*Directions for this task:*
Please output the data exactly, minus pictures.

*Information shown:*
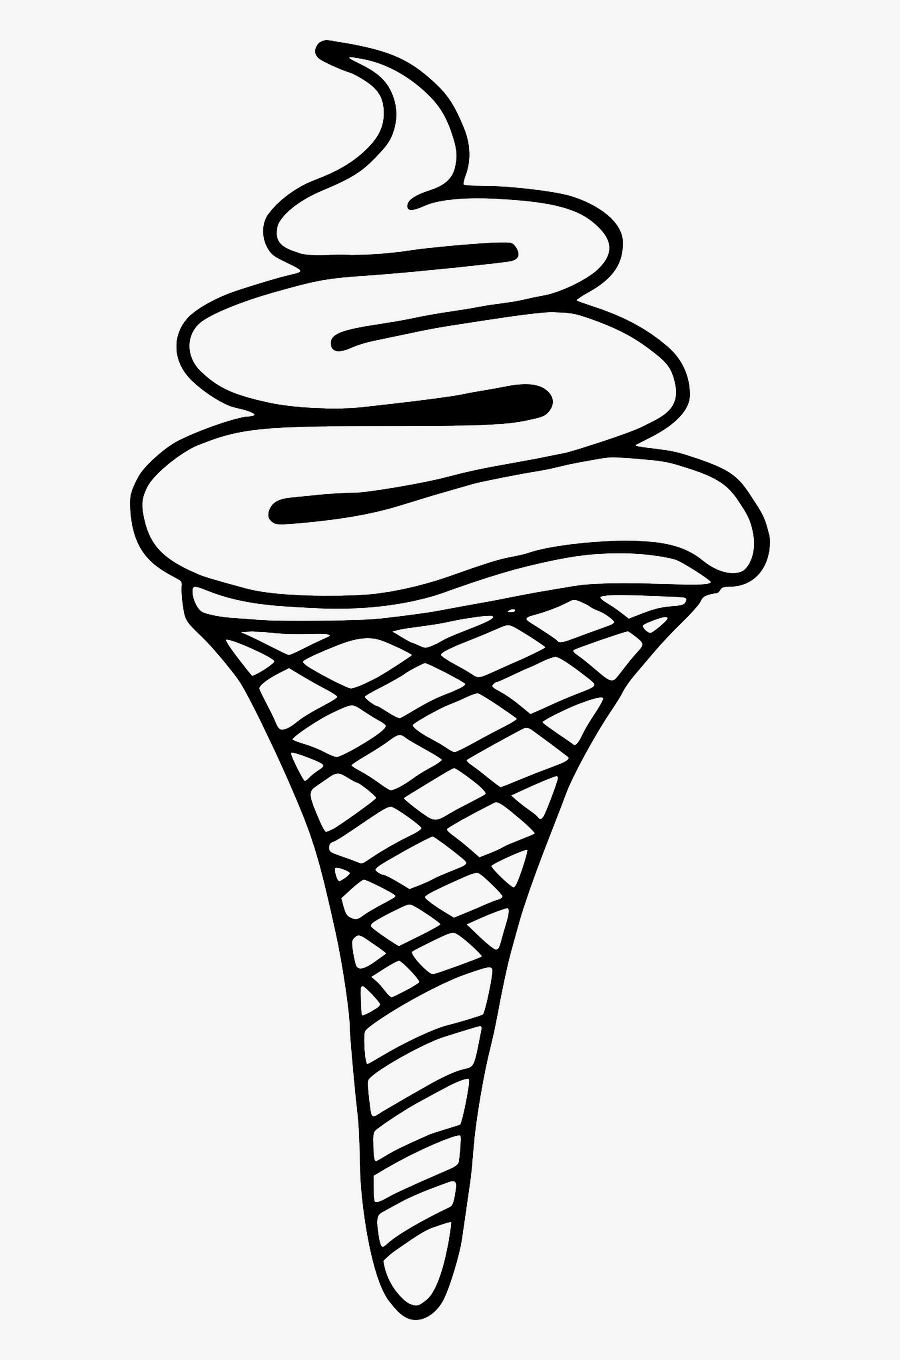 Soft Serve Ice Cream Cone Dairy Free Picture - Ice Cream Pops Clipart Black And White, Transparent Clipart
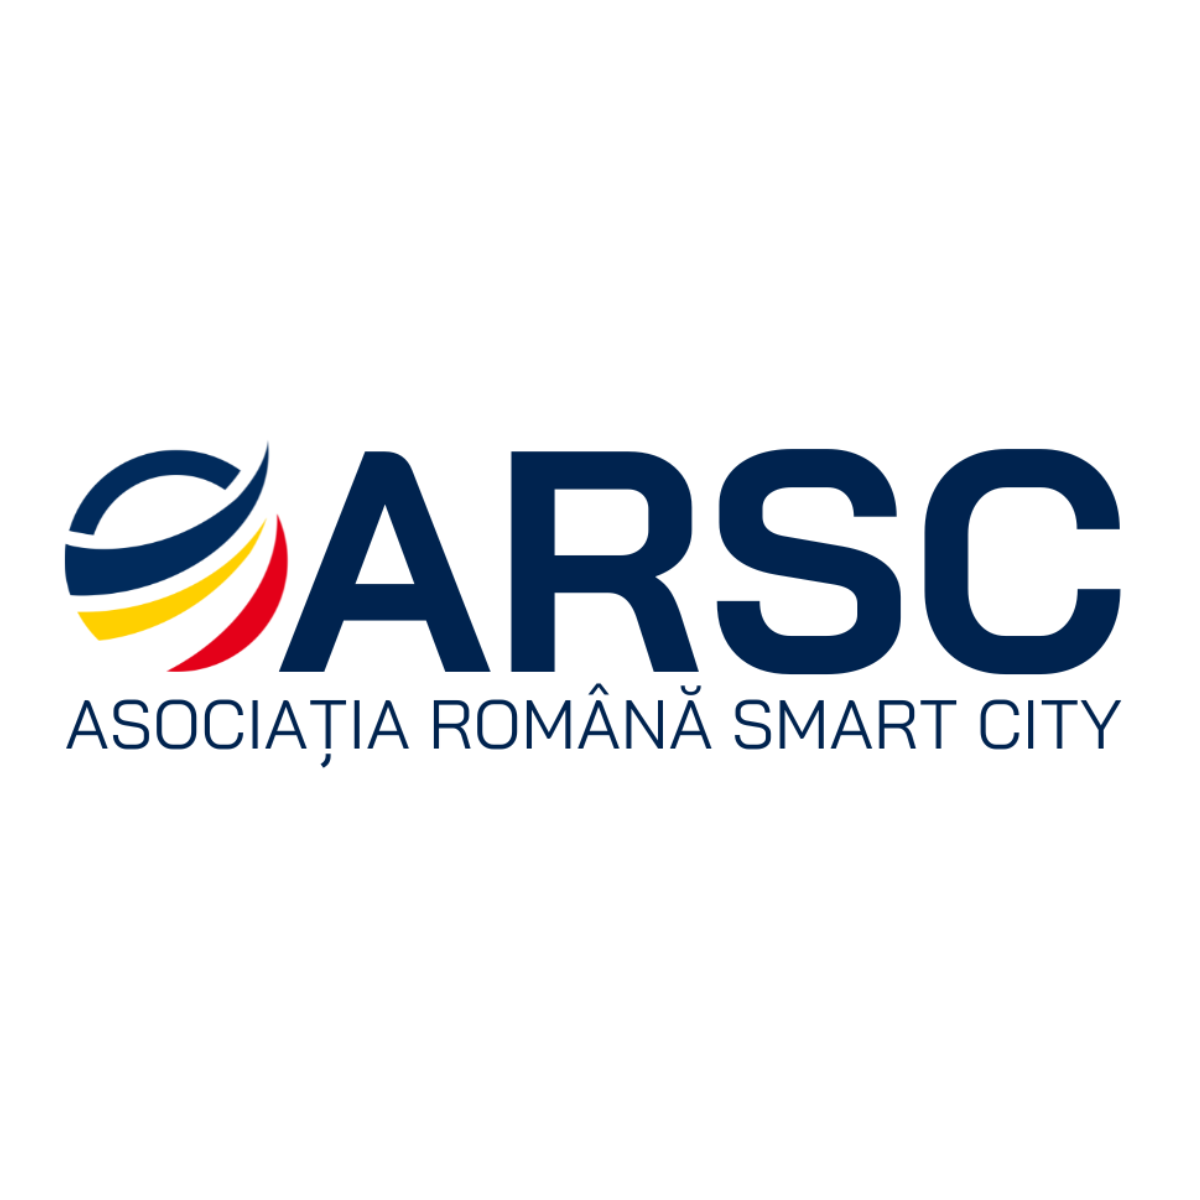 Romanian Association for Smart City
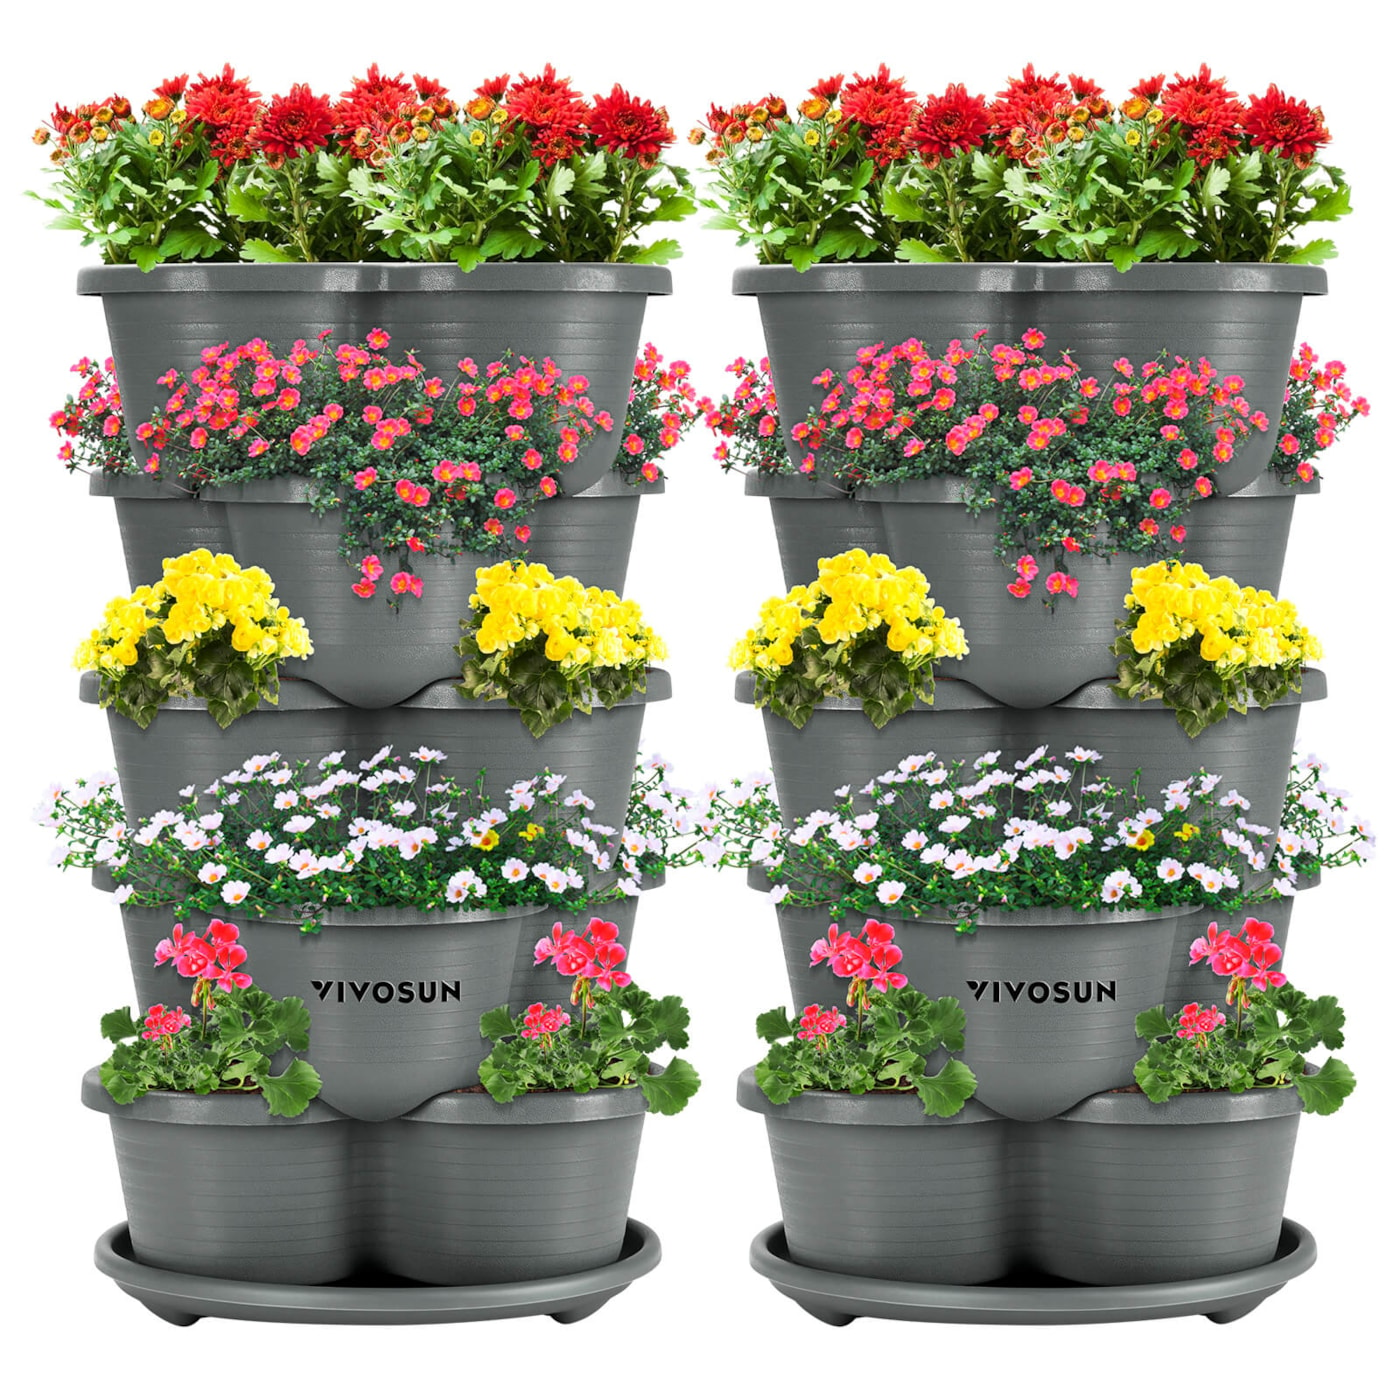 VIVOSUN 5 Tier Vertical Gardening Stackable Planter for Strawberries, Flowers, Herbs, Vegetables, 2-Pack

*Answer to the problem:*
 Soft Serve Ice Cream Cone Dairy Free Picture - Ice Cream Pops Clipart Black And White, Transparent Clipart
 Romanian Association for Smart City
 VIVOSUN 5 Tier Vertical Gardening Stackable Planter for Strawberries, Flowers, Herbs, Vegetables, 2-Pack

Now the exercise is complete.